Остальных мальчиков я не очень различал, но этих двух выделить было легко.
– Да, мы тебя любим, – сказал Рикардо, отбрасывая со лба волосы и подмигивая мне. По сравнению с остальными кожа его была намного более гладкой и смуглой, а глаза казались совершенно черными.
У всех здесь были тонкие, изящные пальцы – такие же, как и у меня. Однако среди моих собратьев такие руки встречались крайне редко. Но об этом я тогда думать не мог.
Тем не менее в голову мне вдруг пришло совершенно невероятное предположение. А что, если мое похищение не было случайным? Что, если мне, бледному, с тонкими пальцами подростку, вечному источнику неприятностей, было предопределено свыше оказаться именно в этой стране? Мысль эта вызвала во мне суеверный страх. Но нет, это слишком невероятно, чтобы оказаться правдой. У меня заболела голова. Перед глазами замелькали безмолвные образы пленивших меня всадников, я вспомнил зловонный трюм корабля, доставившего меня в Константинополь, костлявые фигуры суетящихся купцов, передававших меня из рук в руки.
Господи, почему меня вообще кто-то любит? За что? Почему полюбил меня ты, Мариус Римский?
Стоя в дверях, Мастер, как его здесь все называли, улыбнулся и помахал нам на прощание. Малиновый капюшон на его голове служил прекрасным обрамлением изящных скул и красиво изогнутых губ. К моим глазам подступили слезы.
Не успела захлопнуться дверь, а Мастера уже поглотил клубящийся белый туман. Ночь подходила к концу. Но свечи не гасли.
Мы прошли в большую комнату, и я увидел в ней множество горшочков с красками и глиняных баночек с кистями, готовыми к использованию. Большие белые квадраты ткани – холсты – ожидали своей очереди, чтобы превратиться в прекрасные картины.
Мальчики добавляли в краски не яичные желтки, как велел старый обычай. Они смешивали яркие, мелко дробленные красители с янтарных оттенков маслами. В маленьких горшочках меня ждали большие глянцевые сгустки. Я взял протянутую кисть и взглянул на туго натянутый передо мной белый холст, на котором должен был что-то нарисовать.
– Нерукотворный... – произнес я. Но что означало это слово? Я поднял кисть и начал рисовать его, блондина, спасшего меня от мрака и убожества. Я обмакнул кисть в баночки с бежевой, розовой и белой красками и коснулся ею упругой поверхности холста.

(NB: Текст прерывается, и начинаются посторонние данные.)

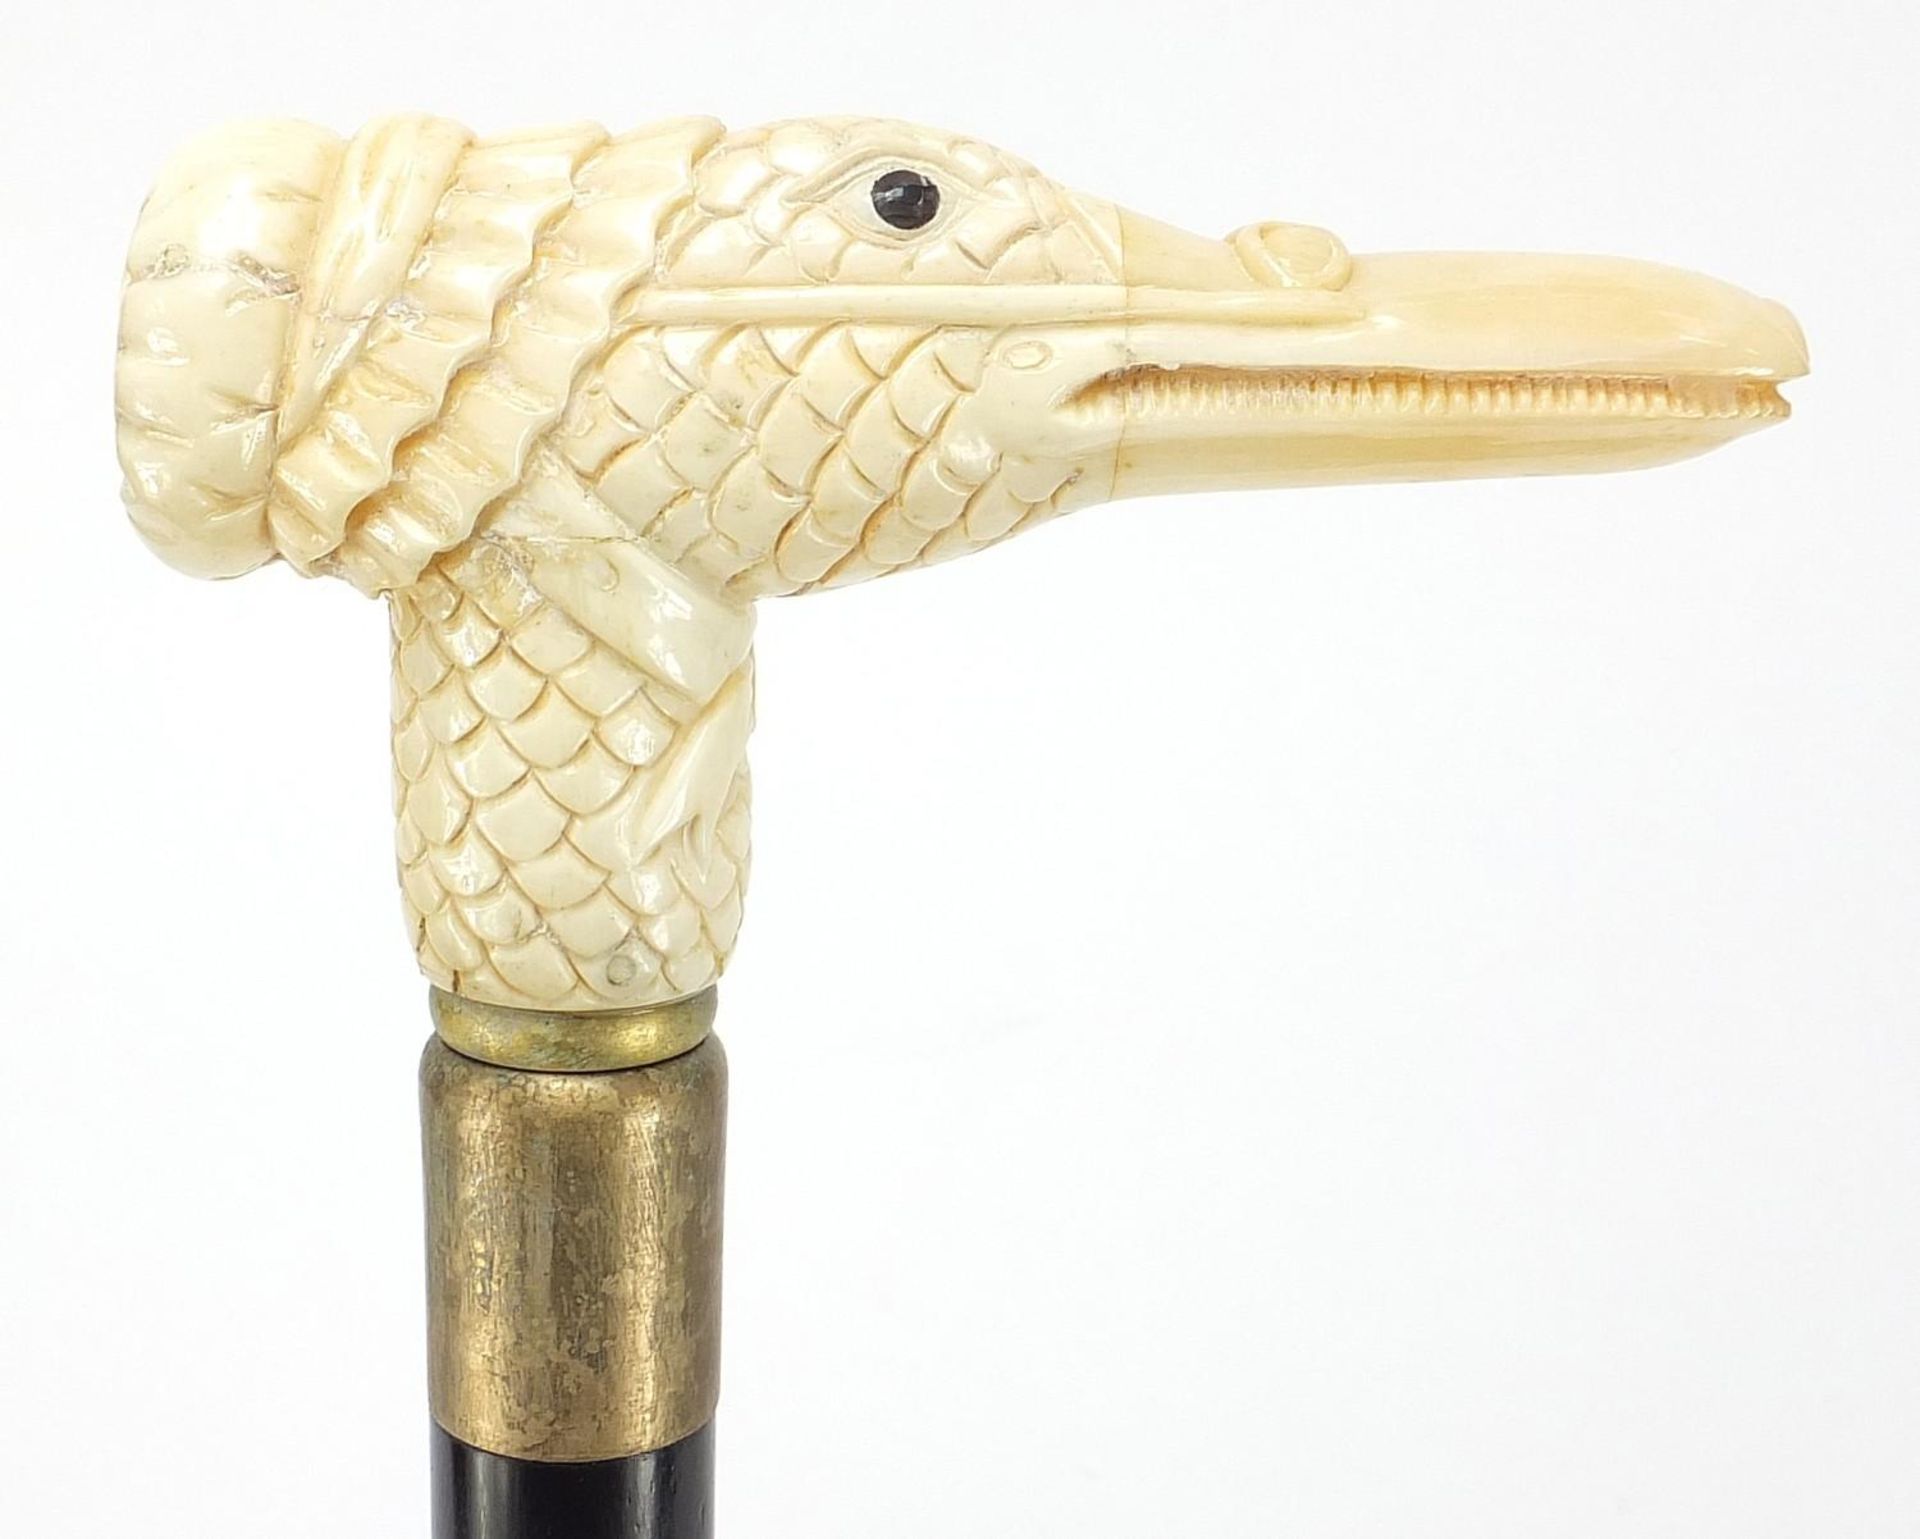 Hardwood walking stick with carved bone duck design handle, 91.5cm in length :

Но ничего не вышло – никакой картины не получилось!
– Нерукотворный! – прошептал я, уронил кисть и закрыл лицо руками.
Я порылся в памяти, чтобы воспроизвести это слово по-гречески. Когда я произнес его, несколько мальчиков кивнули, но смысл до них не дошел. Как мне объяснить им суть катастрофы? Я посмотрел на свои пальцы. Что же стало с?.. Все воспоминания внезапно сгорели – остался только Амадео.
– Не могу. – Я уставился на холст, на месиво красок. – Может быть, на дереве, не на ткани, у меня бы и получилось.
Что же я умел делать? Они не понимали.
Он не был Богом во плоти, мой господин, Мастер, блондин с ледяными голубыми глазами.
Но он был Богом для меня. А я не смог сделать то, что нужно было сделать.
Чтобы утешить меня и отвлечь, мальчики сами взялись за кисти и с поразительной легкостью, едва касаясь ими холстов, нарисовали много-много картинок.
Лицо мальчика – щеки, рот, глаза, да, и копна золотисто-рыжих волос. Господи Боже, это же я... Но это, наверное, не холст, а зеркало. А в нем тот самый Амадео. За дело взялся Рикардо – он отточил выражение лица, подчеркнул глаза и чуть подправил рот, но так, словно сотворил чудо: казалось, будто мое изображение вот-вот заговорит. По какому невероятному волшебству из ничего появился этот застывший в естественной позе мальчик со сведенными бровями и прядями растрепанных волос над ухом?
Эта соблазнительная плотская фигура казалась живой и выглядела одновременно и богохульной, и прекрасной.
Рикардо написал несколько греческих букв и произнес их вслух.
– Но Мастер имел в виду совсем другую картину! – воскликнул он, отбрасывая кисть и быстро собирая рисунки.
Меня провели по всему дому – они называли его «палаццо» и с удовольствием научили этому слову меня.
В доме было полно картин – на стенах, на потолках, на досках, на сложенных рядами холстах, – высоченных картин с изображениями разрушенных зданий, разбитых колонн, буйной зелени, далеких гор и огромного числа оживленных людей с раскрасневшимися лицами, чьи пышные волосы и великолепные одежды свободно развевались на ветру.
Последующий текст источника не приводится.